Example 1: Finding the compound with the lowest cLogP

Calculated LogP (cLogP) is an important property in drug discovery. Whilst we wouldn’t usually be aiming to find the minimum or maximum value in a library, it’s a useful example as it can be calculated quickly enough to exhaustively screen the library to confirm we’re finding the best compound. In the example below, two compounds are randomly selected from the library and their Morgan fingerprints and cLogP values are used to train a machine learning model. This model scores the entire library and the cLogP for two best scoring compounds are pooled with the earlier compounds and the process repeated. After only six rounds (12 compounds scored), the active learning algorithm can find the lowest cLogP in the library, much quicker than exhaustively screening all 132,500 compounds! The experiment was repeated ten times and the number of compounded needed is constant across the repeats. cLogP is a simple property, but it’s still impressive how little data the machine learning model needed to find the best scores.

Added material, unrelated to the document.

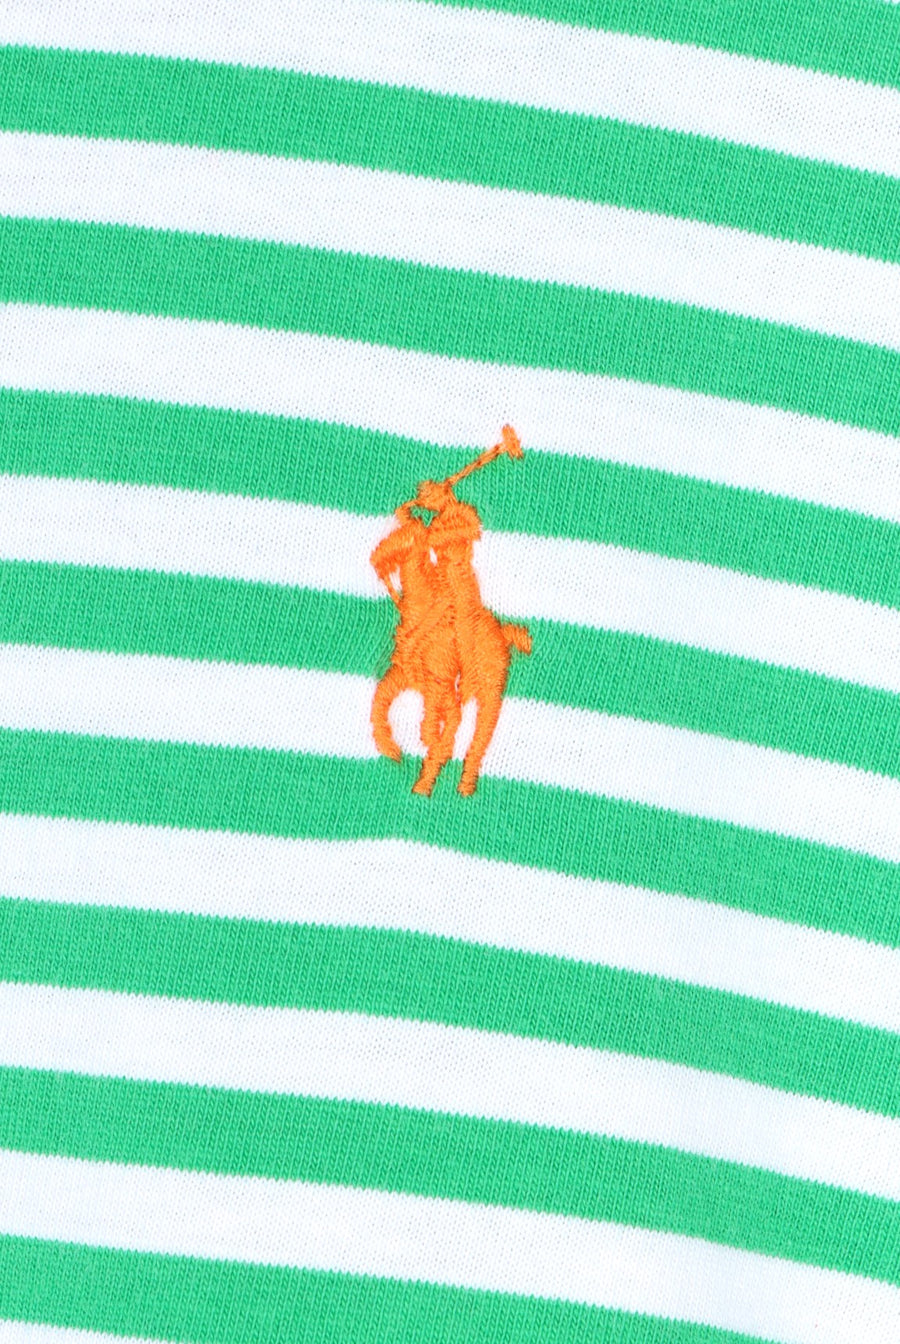 RALPH LAUREN POLO Green Striped Single Stitch T-Shirt (L)

# Active learning parameters
COMPOUNDS_PER_ROUND = 2
NUMBER_OF_ROUNDS = 50
MINIMIZE = True
NUMBER_OF_REPEATS = 10

# Create the virtual library
print("Creating virtual library")
library = build_virtual_library()

# Create morgan fingerprints for the library
print("Creating Morgan fingerprints")
fingerprints = create_morgan_fingerprints(library)

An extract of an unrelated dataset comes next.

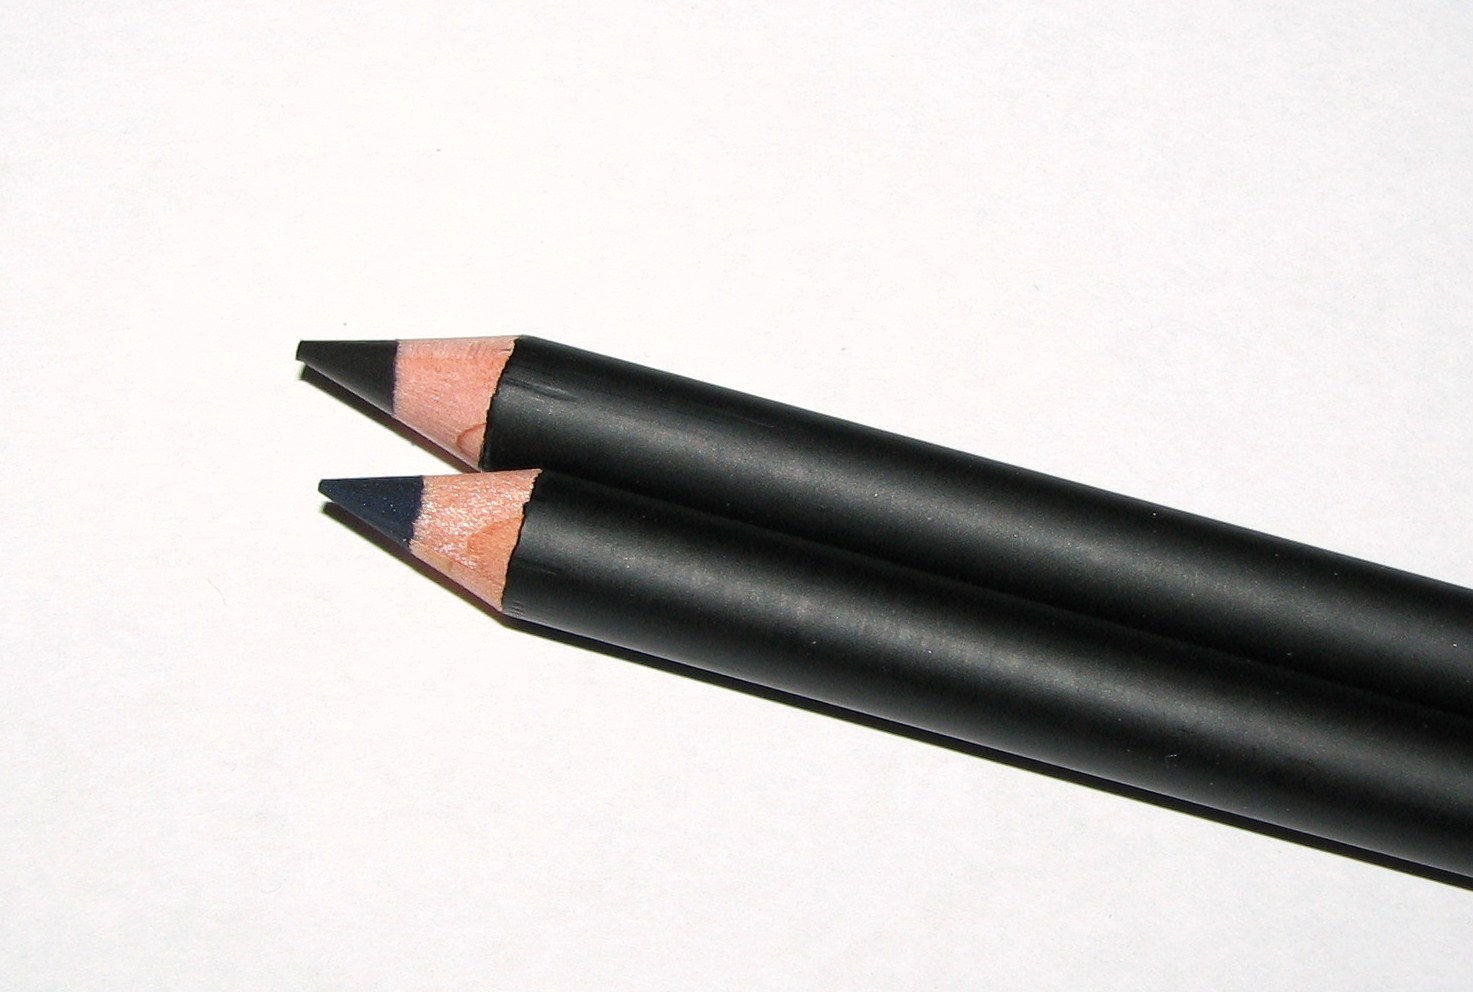 Chanel Peche Cuivre Le Crayon Khol Intense Eye Pencil Review & Swatches

# Find the minimum logP in the library
all_clogp_values = calc_logp(library.index.to_list())
print(f"Minimum logP in the library: {min(all_clogp_values):.2f}")

# Run active learning
print("Running active learning")
scored_compounds_per_run = []
for i in tqdm(range(NUMBER_OF_REPEATS)):
    # Reset library between rounds
    library["slow_scores"] = np.NaN
    library["model_scores"] = np.NaN
    library["scored_round"] = np.NaN

    # Active learning
    library = run_active_learning(
        library=library,
        fingerprints=fingerprints,
        compounds_per_round=COMPOUNDS_PER_ROUND,
        number_of_rounds=NUMBER_OF_ROUNDS,
        scoring_function=calc_logp,
        minimize=MINIMIZE,
        early_stopping_value=min(all_clogp_values),
    )

    # Log results
    scored_compounds_per_run.append(len(library.loc[library.slow_scores.notna()]))

ave_scored_compounds = np.mean(scored_compounds_per_run) - COMPOUNDS_PER_ROUND
print(
    f"Average number of scored compounds before finding lowest value: {ave_scored_compounds:.2f}"
)

Creating virtual library
100%|██████████| 1000000/1000000 [01:42<00:00, 9747.08it/s]

Creating Morgan fingerprints
100%|██████████| 132500/132500 [04:11<00:00, 526.70it/s]

Minimum logP in the library: -5.00
Running active learning
100%|██████████| 10/10 [00:21<00:00,  2.11s/it]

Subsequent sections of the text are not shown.